Last Thursday evening to help celebrate North Carolina State’s fifth-annual Diversity Education Week, Shakti Butler spoke to participants about challenging the “diversity status quo.”
Dr. Butler is the founder of World Trust, “a foundation that works to eliminate social and racial injustice through transformational education.”
The NC State Technician reports:
Butler’s speech, titled Cracking the Codes: Systems of Inequity, was part of the Fall Diversity Dialogue. Throughout her speech, Butler showed videos, posed questions and encouraged audience discussion about the importance of promoting racial equality.
Butler used collective understanding and strengths to approach developing solutions for pressing problems in the world today.
Transformative learning is all about understanding people’s deeply embedded assumptions about how they think the world really works and unearthing those assumptions to make appropriate changes, Butler said.
“We are born into a system we did not create,” Butler said. “We’ve stepped into a history we did not create. And, most importantly, we have a responsibility to use our collective gifts to create a racially and socially equal world that we want our children’s children to experience.”
Here’s how Butler’s World Trust describes “Transformative Learning”:
Transformative learning is a form of adult education involving experiences that result in a deep, structural shift in thoughts and feelings, which then inform one’s actions. This shift in consciousness can be very subtle or quite extraordinary. Often, it alters our way of making meaning and being in the world. Such a deep-seated shift involves our understanding and our relationships with other people, the natural world, and ourselves.

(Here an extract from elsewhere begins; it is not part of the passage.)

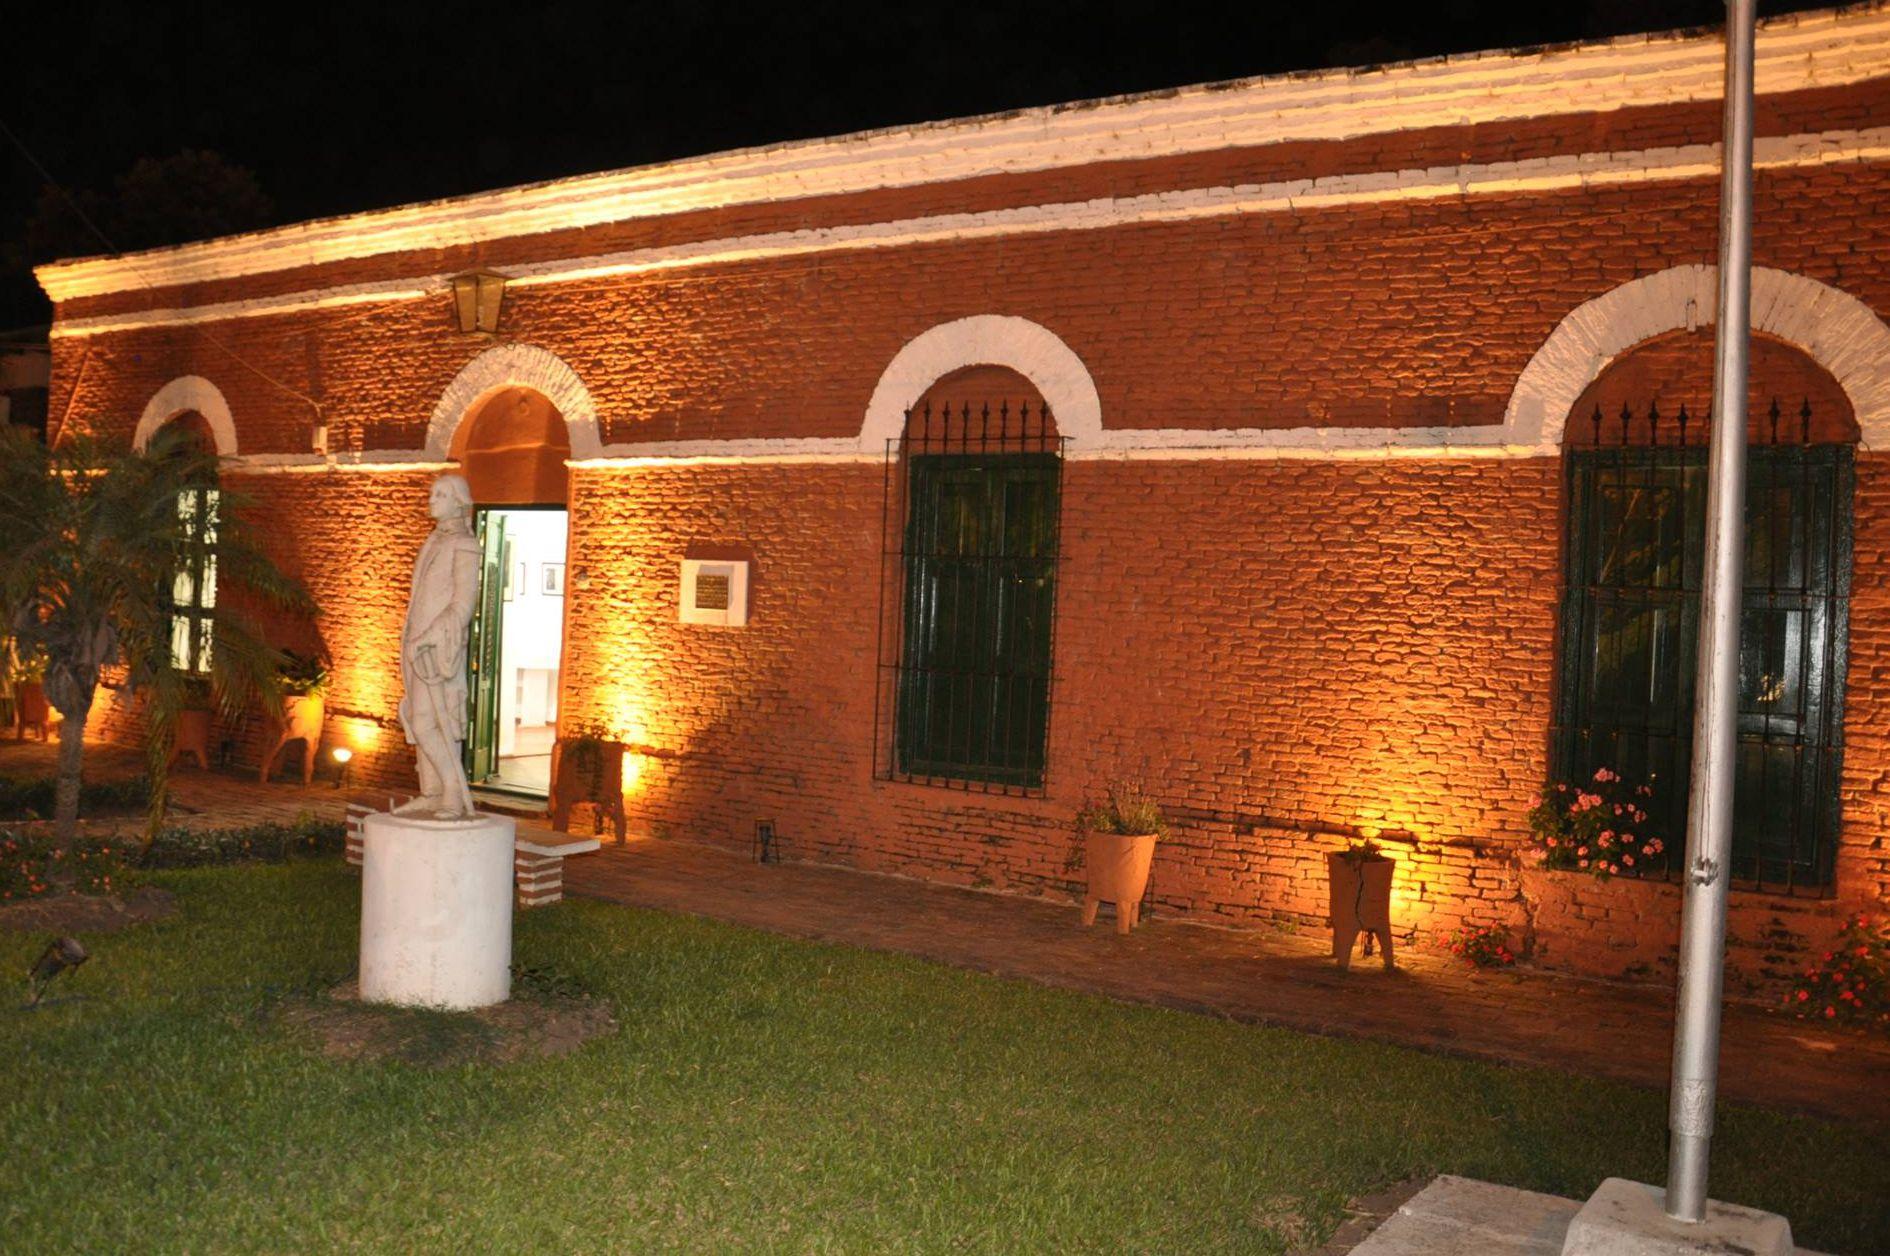 museo-camila-noche

Butler received a lot of attention back in 2007 when her materials served as the basis for the University of Delaware’s so-called “Residence Life” program. The main concern of that program was that it was mandatory, and involved asking students very invasive questions. (See here, also.)
Butler was reportedly “stunned” by the negative reaction to the UD program, saying “I’ve never had this kind of reaction,” and “I call this reaction totally reactionary and designed to create a deep divide among people, which is the antithesis of what I’m trying to do.”
Dr. Butler’s PhD is from the School of Transformative Learning and Change at the California Institute of Integral Studies. She says the fact that she is multi-racial — African, Arawak Indian and Russian-Jewish — gives her “credibility.”